Landingpage vs. Homepage als Zielseite: Wohin sollen deine Anzeigen führen?
Dedizierte Landingpage oder einfach die Homepage verlinken? Warum spezifische Zielseiten typischerweise besser konvertieren — und wann die Homepage tatsächlich reicht.
Vergleichstabelle
| Kriterium | Landingpage | Homepage |
|---|---|---|
| Botschaftsfokus | Ein Thema, ein Angebot, ein Ziel | Überblick über alles — verwässert die Botschaft |
| Passung zur Suchanfrage | Hoch: Anzeige und Seite sprechen dieselbe Sprache | Gering: Nutzer muss sein Thema selbst suchen |
| Conversion-Pfad | Klarer Call-to-Action, wenig Ablenkung | Viele Links und Wege — auch viele Ausstiege |
| Qualitätsfaktor (Nutzererfahrung) | Profitiert von hoher Relevanz zur Anzeige | Generische Seite = oft schwächere Bewertung |
| Aufwand | Erstellung und Pflege pro Thema nötig | Keiner — Seite existiert bereits |
| Messbarkeit von Tests | Headlines, Formulare, Argumente gezielt testbar | Änderungen betreffen die ganze Website |
Unser Fazit
Option A gewinntFür Kampagnen mit klarem Angebot ist die dedizierte Landingpage fast immer die bessere Zielseite: Sie greift die Suchanfrage auf, führt ohne Umwege zur Conversion und lässt sich gezielt testen. Die Homepage reicht nur in wenigen Fällen — vor allem bei Brand-Suchanfragen und sehr breiten Angeboten. Wer Klickbudget bezahlt, sollte am Ziel der Klicks nicht sparen.
Detaillierte Analyse
Landingpage vs. Homepage: Die unterschätzte Hälfte deiner Kampagne
Viele Google-Ads-Konten werden akribisch optimiert — Keywords, Anzeigen, Gebote — und dann landen die teuer bezahlten Klicks auf der Homepage. Dabei entscheidet sich die Conversion nicht in der Anzeige, sondern auf der Seite dahinter. Die Zielseite ist die zweite Hälfte deiner Kampagne.

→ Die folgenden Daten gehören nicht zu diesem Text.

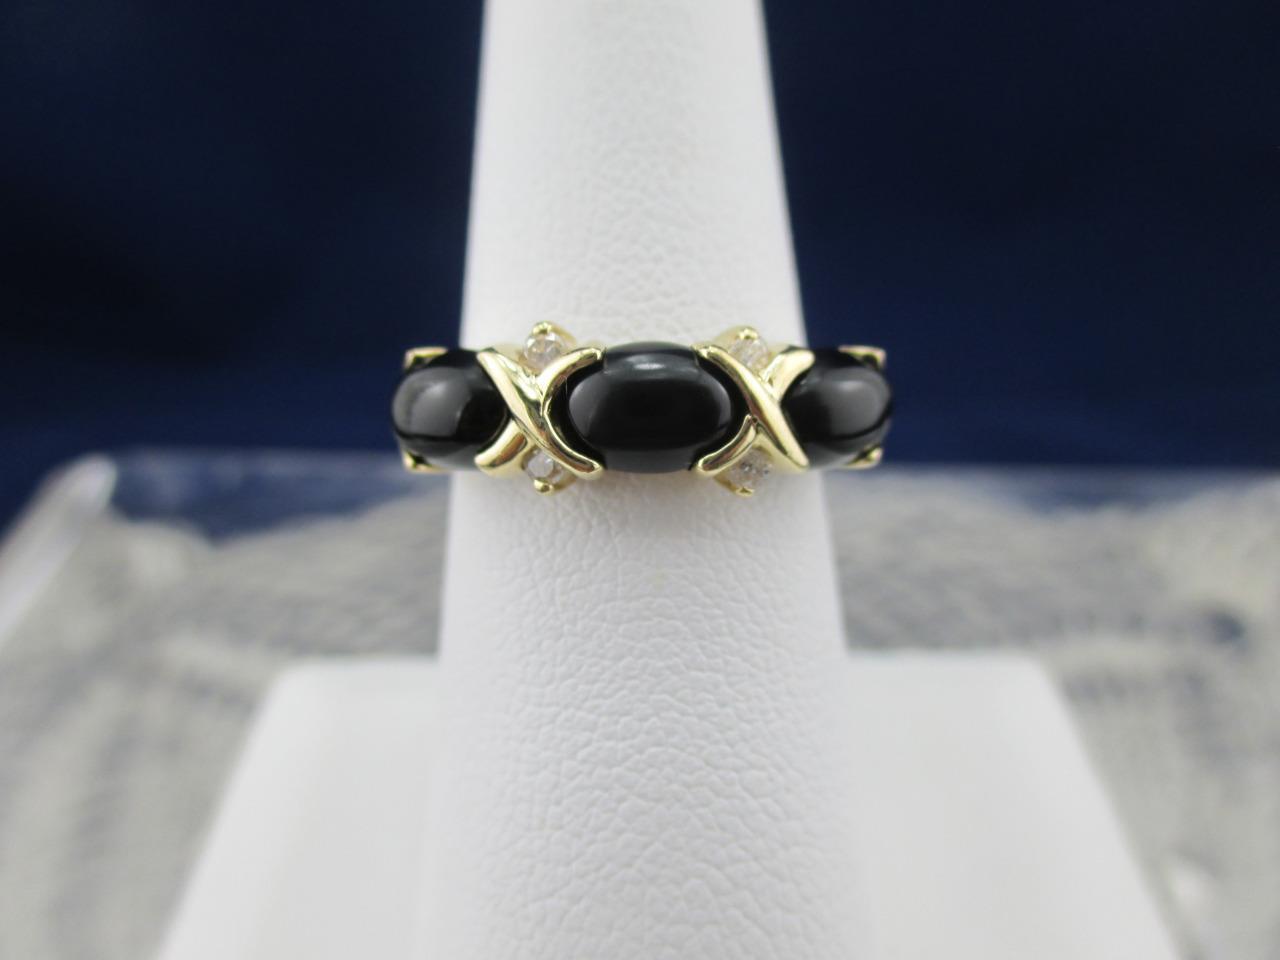 Retro Vintage Onyx XOXO Ladies Ring14k gold Accent DiamondsHugs Kisses

Warum die Homepage meist verliert
Die Homepage ist für einen anderen Job gebaut: Sie soll dein gesamtes Unternehmen vorstellen — alle Leistungen, alle Zielgruppen, alle Einstiege. Wer aber nach „Klimaanlage Wartung Berlin" sucht und auf einer Seite landet, die erst einmal das Unternehmen, fünf weitere Leistungen und den Blog präsentiert, muss selbst weitersuchen. Jeder zusätzliche Klick, jede Ablenkung kostet einen Teil der Besucher. Genau hier liegt der Kern: Die Suchanfrage ist spezifisch, die Homepage ist generisch — diese Lücke bezahlst du mit Conversion-Rate.
Was eine gute Landingpage anders macht
- Botschafts-Match: Die Headline greift auf, was der Nutzer gesucht und in der Anzeige gelesen hat. Kein Umdenken, kein Suchen.
- Ein Ziel: Ein klarer Call-to-Action — Anfrage, Anruf, Kauf — statt zwanzig Navigationspunkten.
- Relevante Inhalte: Nutzenargumente, Vertrauenselemente und Antworten auf die typischen Einwände genau zu diesem Angebot.
- Testbarkeit: Headline, Formularlänge und Argumente lassen sich isoliert testen, ohne die ganze Website anzufassen.
Dazu kommt ein technischer Nebeneffekt: Google bewertet die Nutzererfahrung mit der Zielseite als Teil des Qualitätsfaktors. Eine relevante Landingpage kann sich also auch auf Anzeigenrang und Klickpreise auswirken — sie ist aber vor allem für deine Besucher da, nicht für den Algorithmus.
Wann die Homepage tatsächlich reicht
Es gibt ehrliche Ausnahmen. Bei Brand-Kampagnen — also Suchanfragen nach deinem Firmennamen — wollen Nutzer oft genau die Homepage, weil sie dein Unternehmen als Ganzes suchen. Auch wenn dein Angebot sehr schmal ist und die Homepage faktisch bereits eine fokussierte Angebotseite mit klarem Call-to-Action ist, brauchst du keine Dublette. Und als Übergangslösung beim Kampagnenstart ist eine gute Unterseite besser als eine schlechte, hastig gebaute Landingpage.
Unser Fazit
Die Reihenfolge ist klar: Für jedes beworbene Thema die passendste vorhandene Seite — und für wichtige Angebote mit relevantem Budget eine dedizierte Landingpage. Wer monatlich dreistellige oder vierstellige Beträge in Klicks investiert, sollte nicht ausgerechnet an der Seite sparen, auf der aus Klicks Kunden werden.